Only one class, scheduled to be held in one of the smaller houses on
campus, had to be relocated.
Prior to graduation, Laura didn’t
consider herself an activist. But when she was awarded a Watson
Fellowship, she traveled to England to write about the disability rights
movement there. The experience was a turning point, and Laura became
involved with disability groups, especially those for women, when she
returned to Denver. Early in 1985, she attended the National Women’s
Studies Conference in Seattle. After meeting Laura, one speaker
suggested the conference organizers send Laura to the Nongovernmental
Organization Forum on Women in Nairobi later that year. And they did.

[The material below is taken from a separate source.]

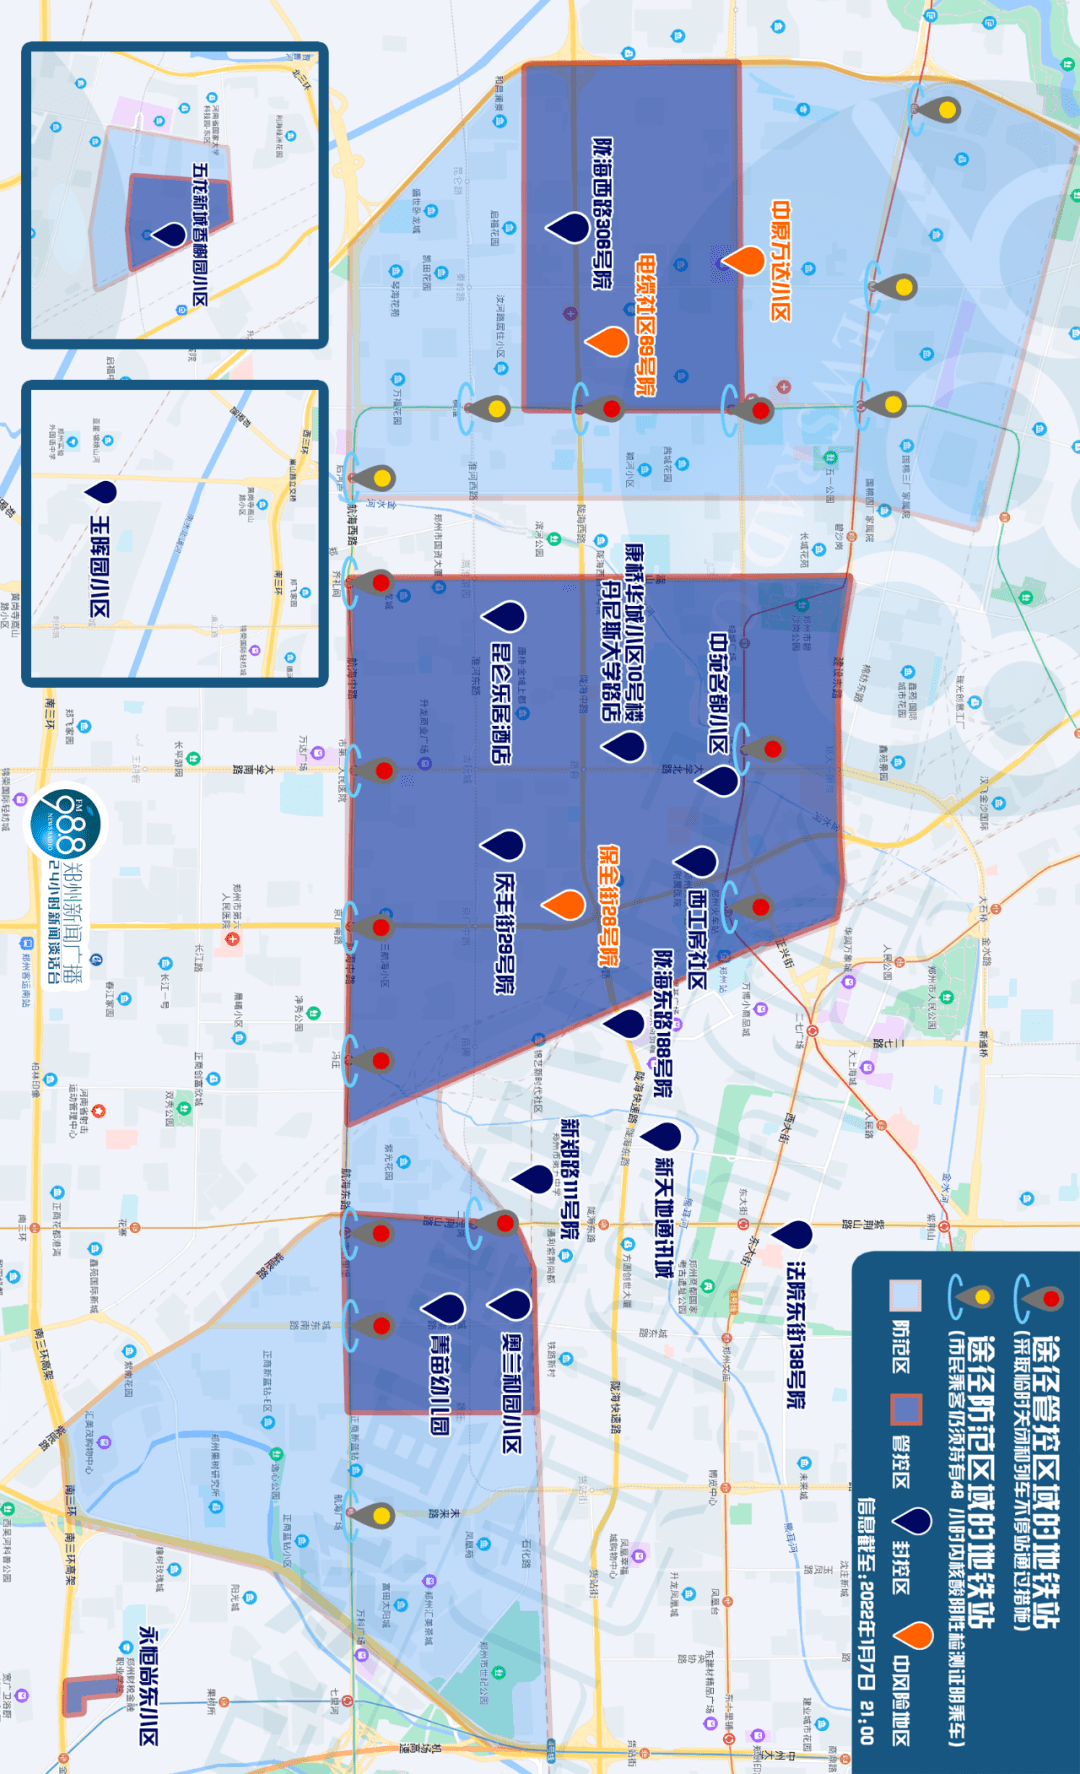 郑州市风险地区地图图片

“That conference jolted me into an awareness of the global disabled
community and the issues and possibilities for organizing and
activism,” she says. “I was really drawn to the issues and felt like
I had an important role to play. It made me make a commitment.”

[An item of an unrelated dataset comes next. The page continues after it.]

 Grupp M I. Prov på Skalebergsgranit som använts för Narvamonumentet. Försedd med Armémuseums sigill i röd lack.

Today, well known as a disability rights
activist and writer, Laura speaks at conferences for disabled and
non-disabled alike. She serves as a consultant and trainer for
conferences and corporations, and she’s employed half time as the
advocacy editor for CanDo.com, an Internet magazine. Colorado College
paid tribute to Laura and her work by awarding her an honorary doctorate
in 1993.
While Laura used to roll her wheelchair out
in front of buses, she says such tactics are no longer the norm. But her
fight continues, focusing now on issues involving Social Security
benefits, independent living, opposition to the legalization of assisted
suicide, and work disincentives. “People with disabilities are often
prevented from working for fear of losing crucial benefits,” she
explains. On the board of directors of an organization called Not Dead
Yet, Laura believes “the media presents the issue as black and white,
the pro-life religious perspective and the liberal so-called pro-choice
perspective. But we see this as an issue of discrimination based on
health status.”
Because of the focus on writing combined
with the liberal arts at Colorado College, Laura believes she’s not
only a better writer, but also a better advocate -- and a happier
person. “Because I was taught to think from a variety of perspectives,
I can write an article about a legal issue without having gone to law
school, and people take me seriously,” she says. “I can control my
own schedule and where I work. I can make my own decisions about what
assignments to accept and when to say ‘no.’ My liberal arts
education was a real benefit to me, and I’d like to see more people
with disabilities take that same opportunity.”